31. Therefore, what emerges from a combined reading of Sections 13(1)(b) and 14(4) of the Act together with sub-rule (16) of Rule 3 of the Rules, is that no foreman is entitled to receive or appropriate to himself any amount other than the commission or remuneration not exceeding five per cent of the chit amount. Such commission or remuneration to which the foreman may be entitled is not only towards the services rendered by him, but also includes the expenses, if any, incurred by him in connection with and relating to the chit. The definition of the ‘chit’ and the explanation of the definition reveals that it is the co-operative effort amongst the subscribers.
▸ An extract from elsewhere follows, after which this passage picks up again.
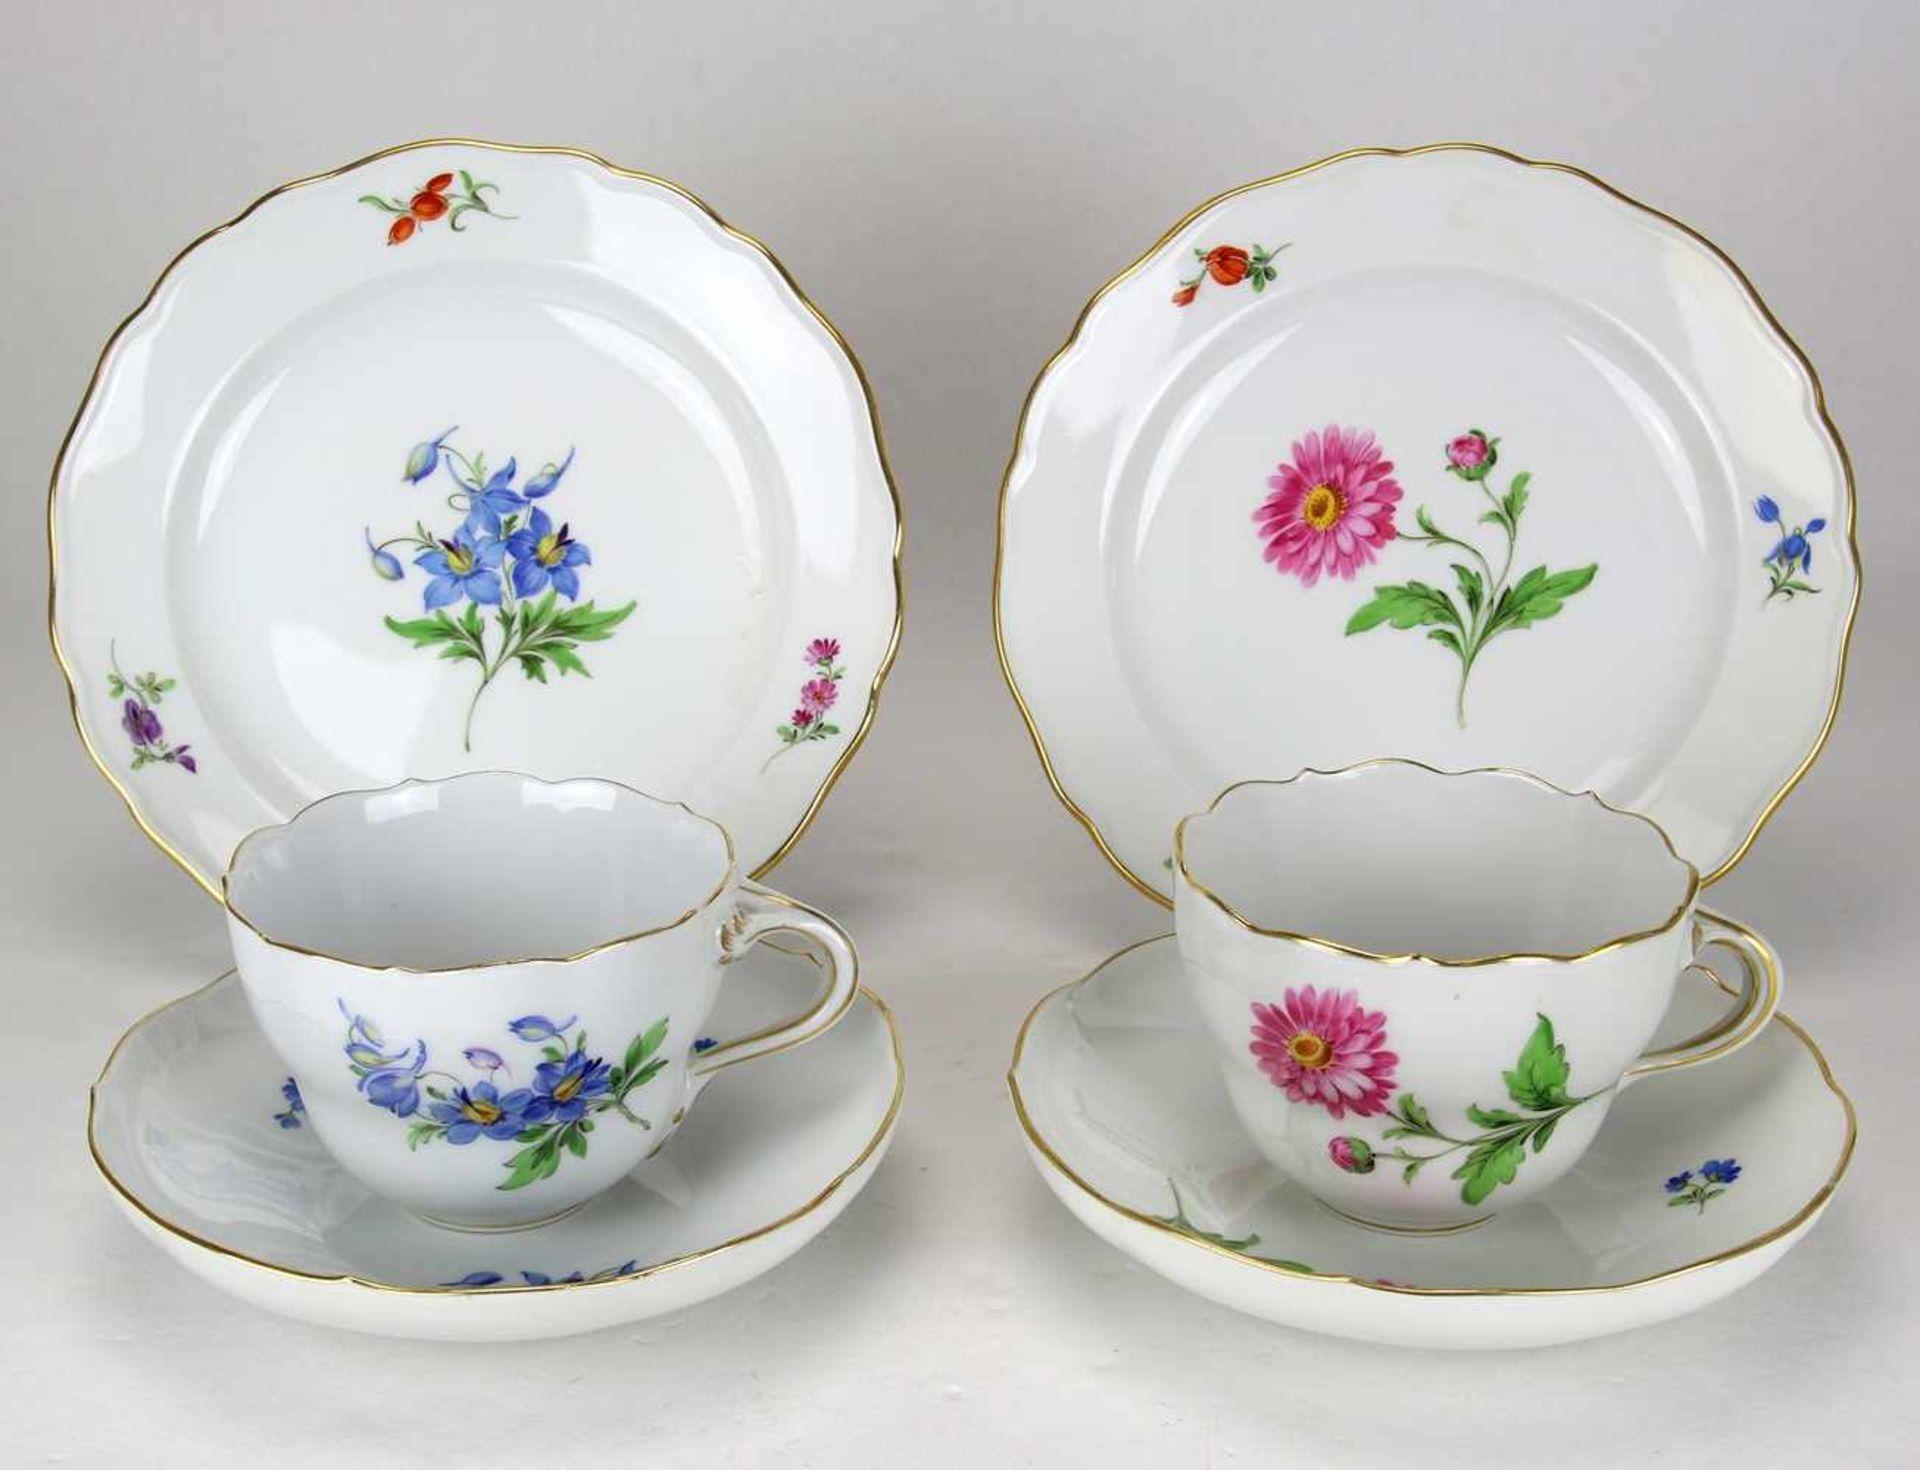 Zwei Gedecke Meissen20. Jh. Form Neuer Ausschnitt mit Blumenmalerei. Kaffeegedecke je dreiteilig.

The foreman does not make any investment of his monies, and not precluded from making any other business. It is, under those circumstances, the enactment mandate that the foreman is entitled only for such commission or remuneration not exceeding five per cent of the chit amount, as may be fixed in the chit agreement and positively puts restraint on the foreman not to appropriate for himself any amount in excess of five per cent of the chit and that amount may include the expenses, if any, incurred by him.
32. For the aforesaid reasons, I hold that the memorandum impugned in this writ petition does not suffer from any legal infirmities.
33. I do not find any merit whatsoever in these writ petitions and the same shall accordingly stand dismissed. No order as to costs.
WP Nos. 10015 of 1992 and Batch
ORDER
34. After pronouncing the order, Sri B. Nalin Kumar, learned Counsel appearing on behalf of some of the petitioners requests to keep the operation of the order under suspension for a week to enable the petitioners to prefer a writ appeal and meanwhile permit the petitioners to avail the benefit of the interim order granted by this Court at the time of admission of the writ petitions.
35. I do not find any merit whatsoever in this oral request made by the learned Counsel for the petitioners. Having taken a clear and categorical view in the matter, it would not be appropriate for this Court to keep the operation of the order under suspension. The oral request is accordingly rejected.